F-statistic tests whether the regression model as a whole explains a significant portion of the variation in apartment prices. H0: β1 = β2 = β3 = β4 = 0 (none of the 4 predictors or explainatory variables have any effect on the price) H1: At least one βi ≠ 0 (At least one predictor or explainatory variable explains a significant portion of the variation in price) The Result shows that modul is highly significant, as p-value is below 0,05 (or 0,001)

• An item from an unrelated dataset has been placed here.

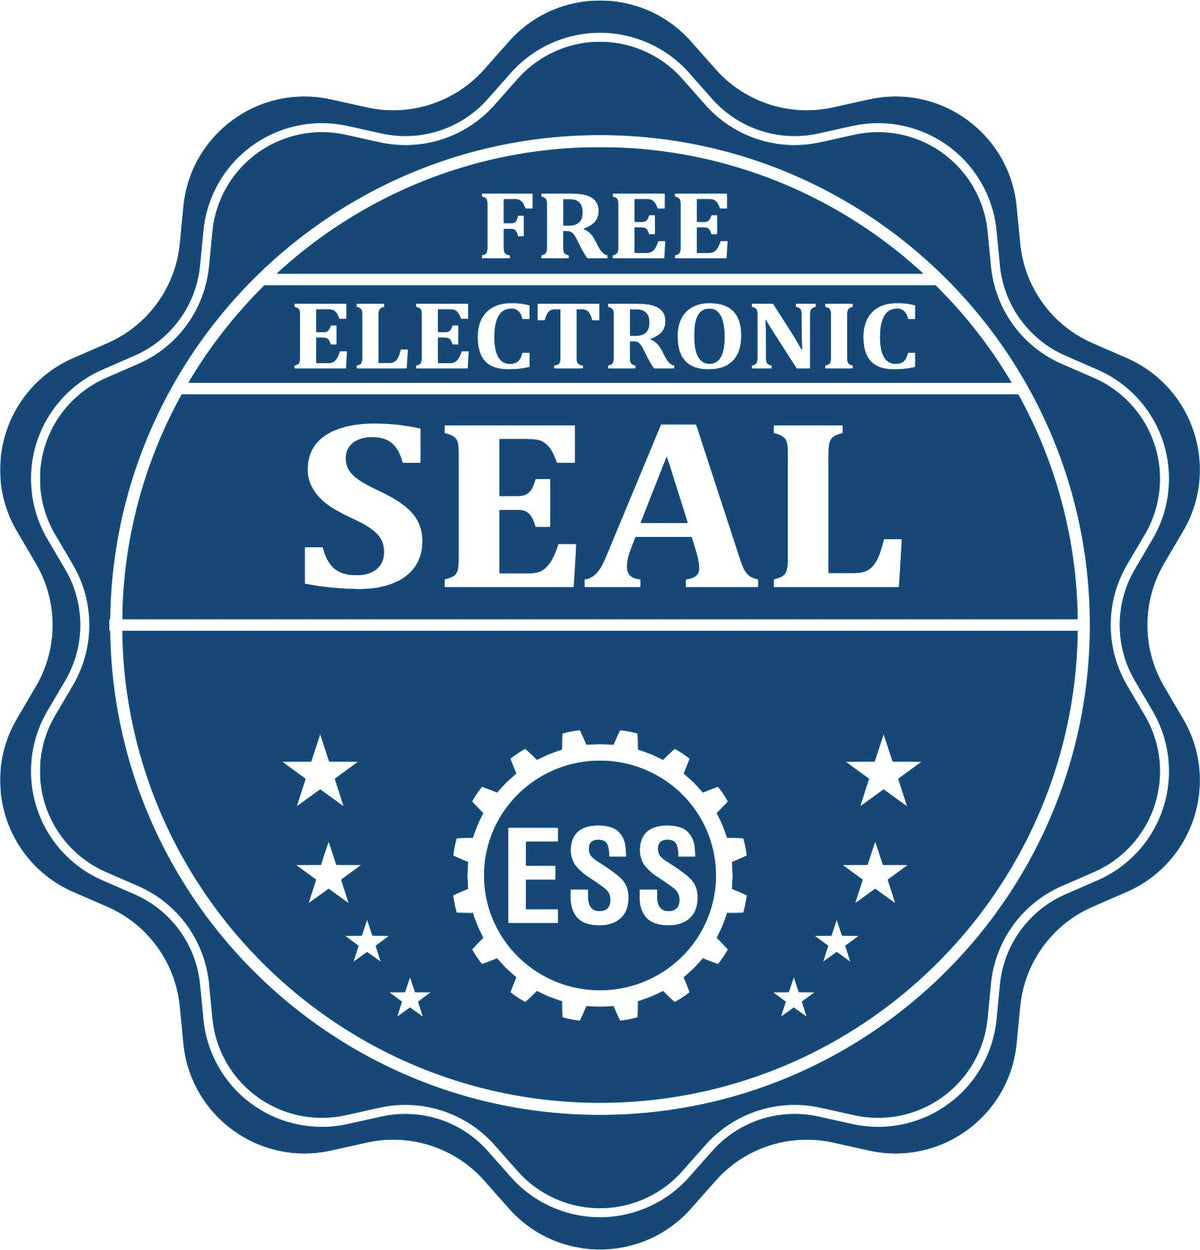 A badge showing a free electronic seal for the Slim Pre-Inked Indiana Land Surveyor Seal Stamp with stars and the ESS gear on the emblem.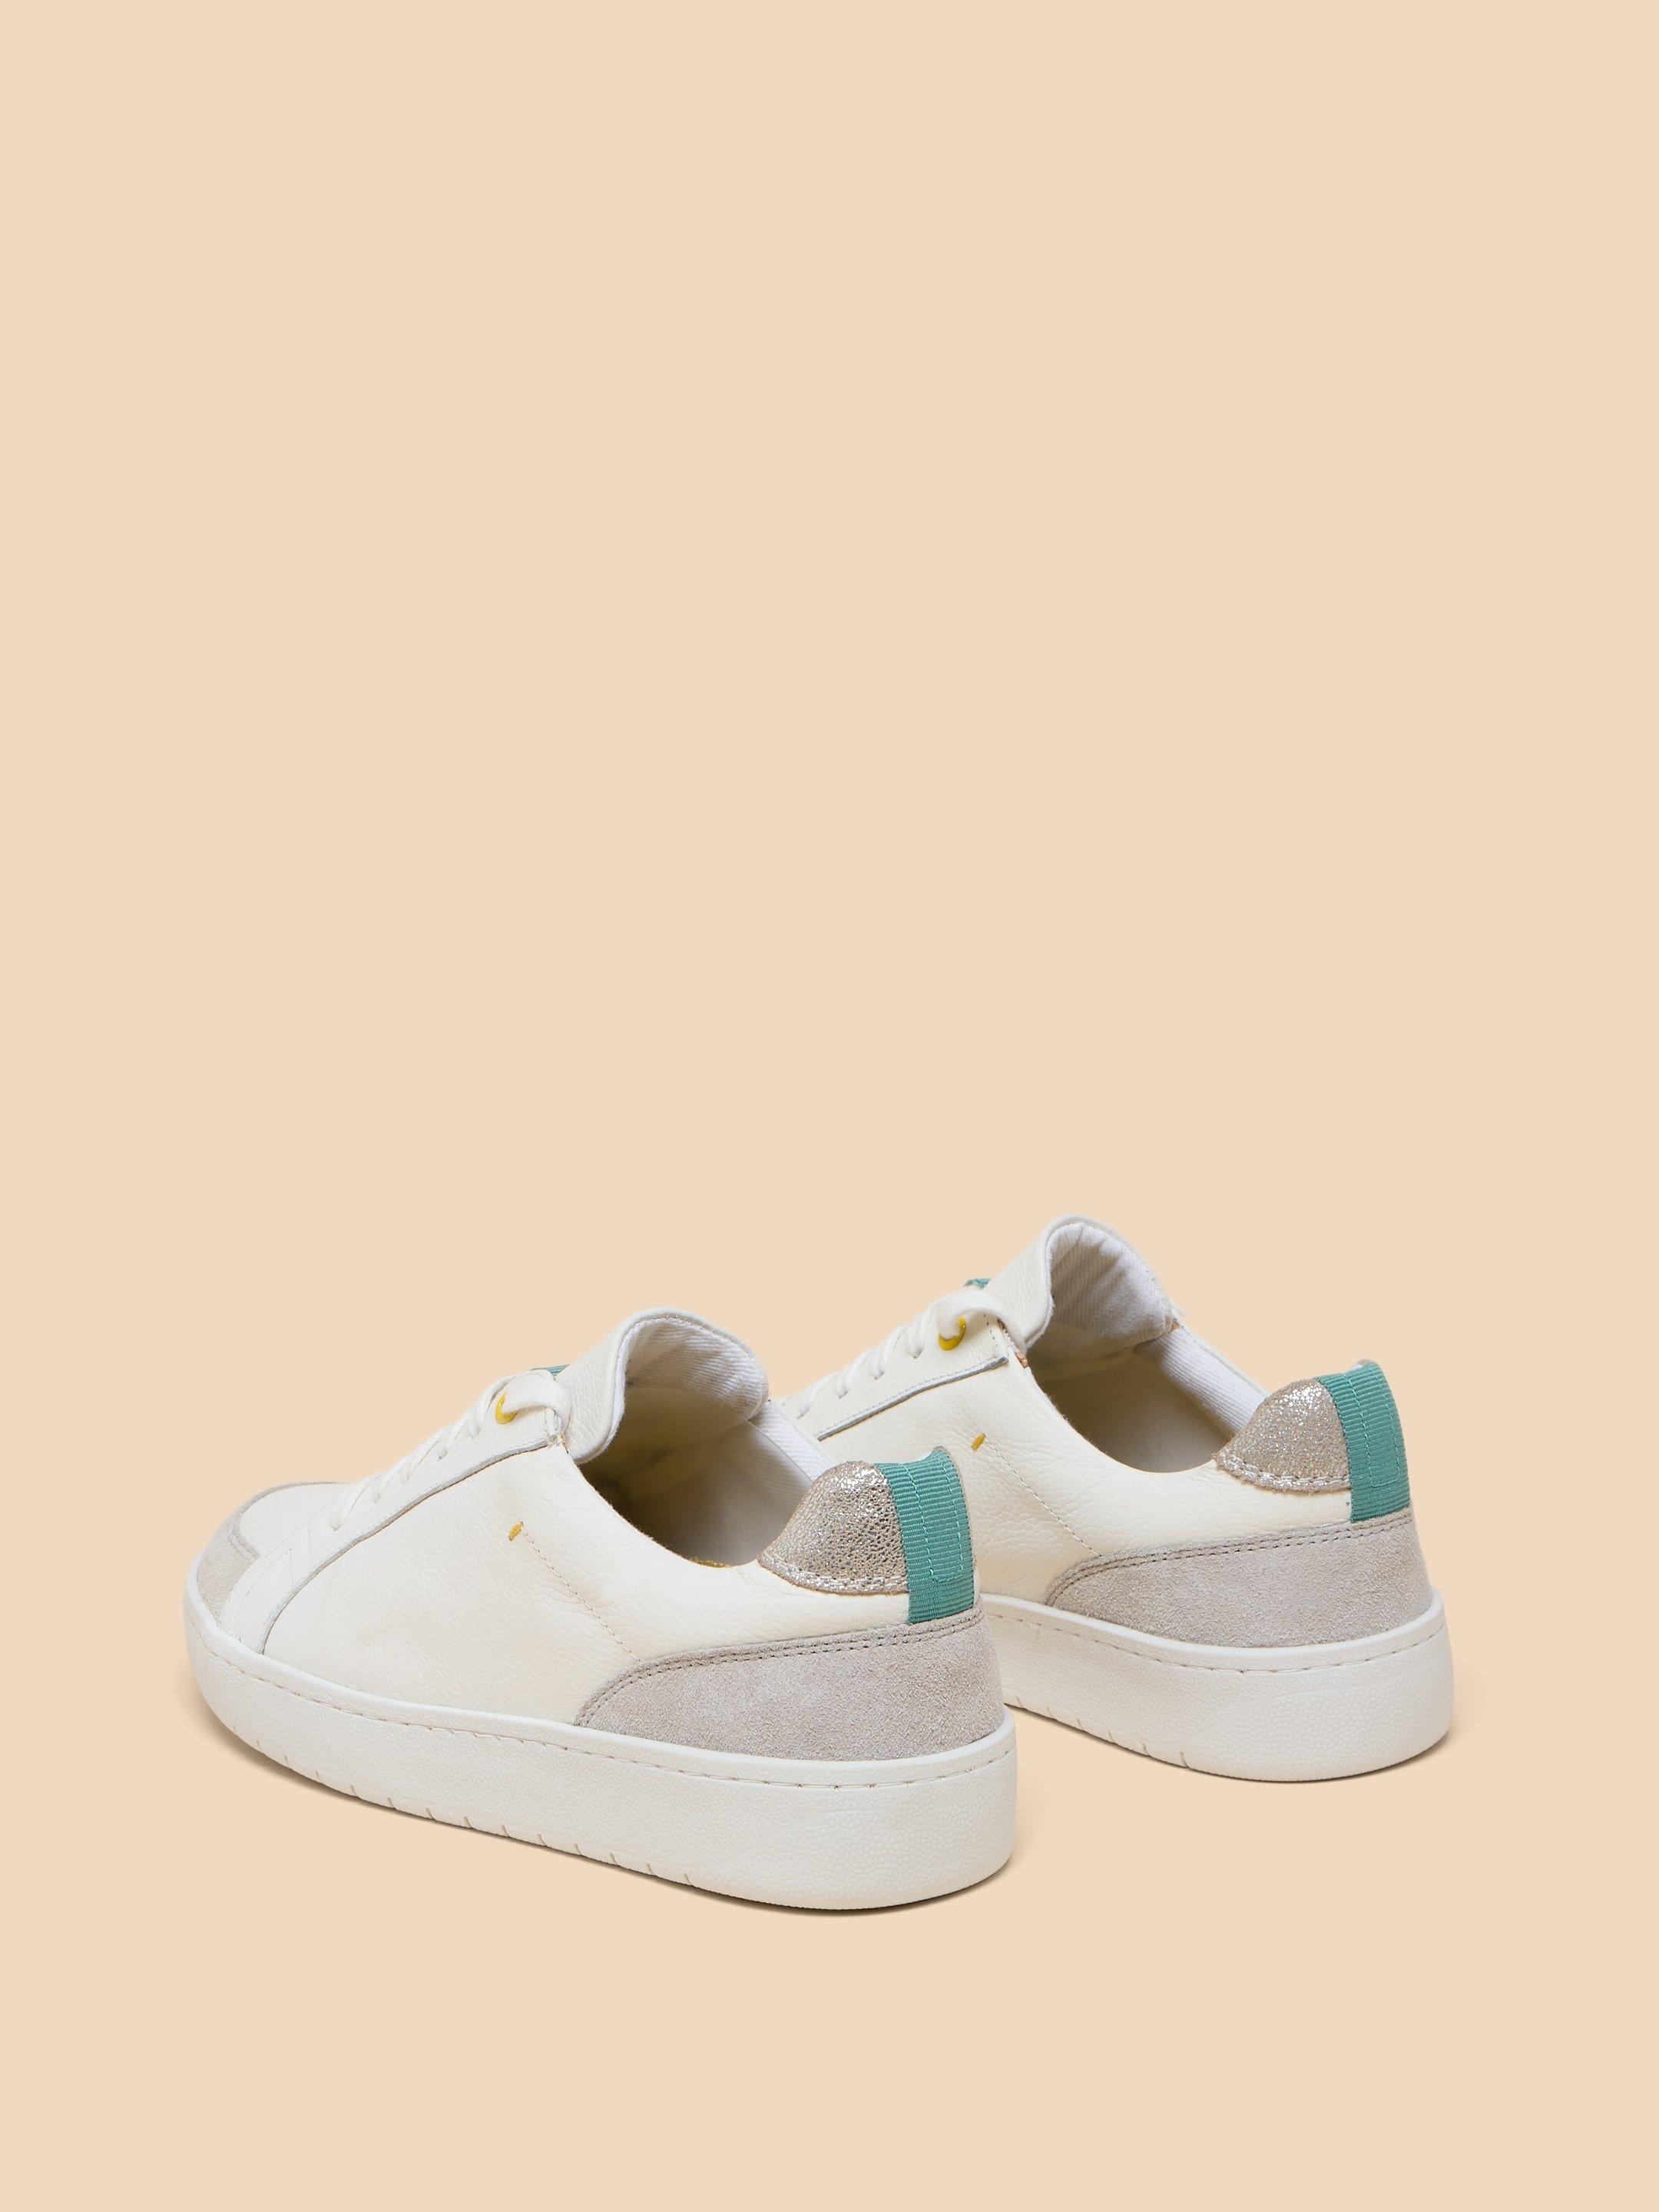 Lily Leather Suede Trainer in WHITE MLT - FLAT BACK

Apartments$Fitted <- fitted.values(fit3)
Apartments$Residuals <- residuals(fit3)
round(Apartments[2,12],3)
## # A tibble: 1 × 1
## Residuals
## <dbl>
## 1 428.
The residual for apartment ID2 tells us that the actual price for this apartment is by 427.8 eur higher than the estimated value from the regression.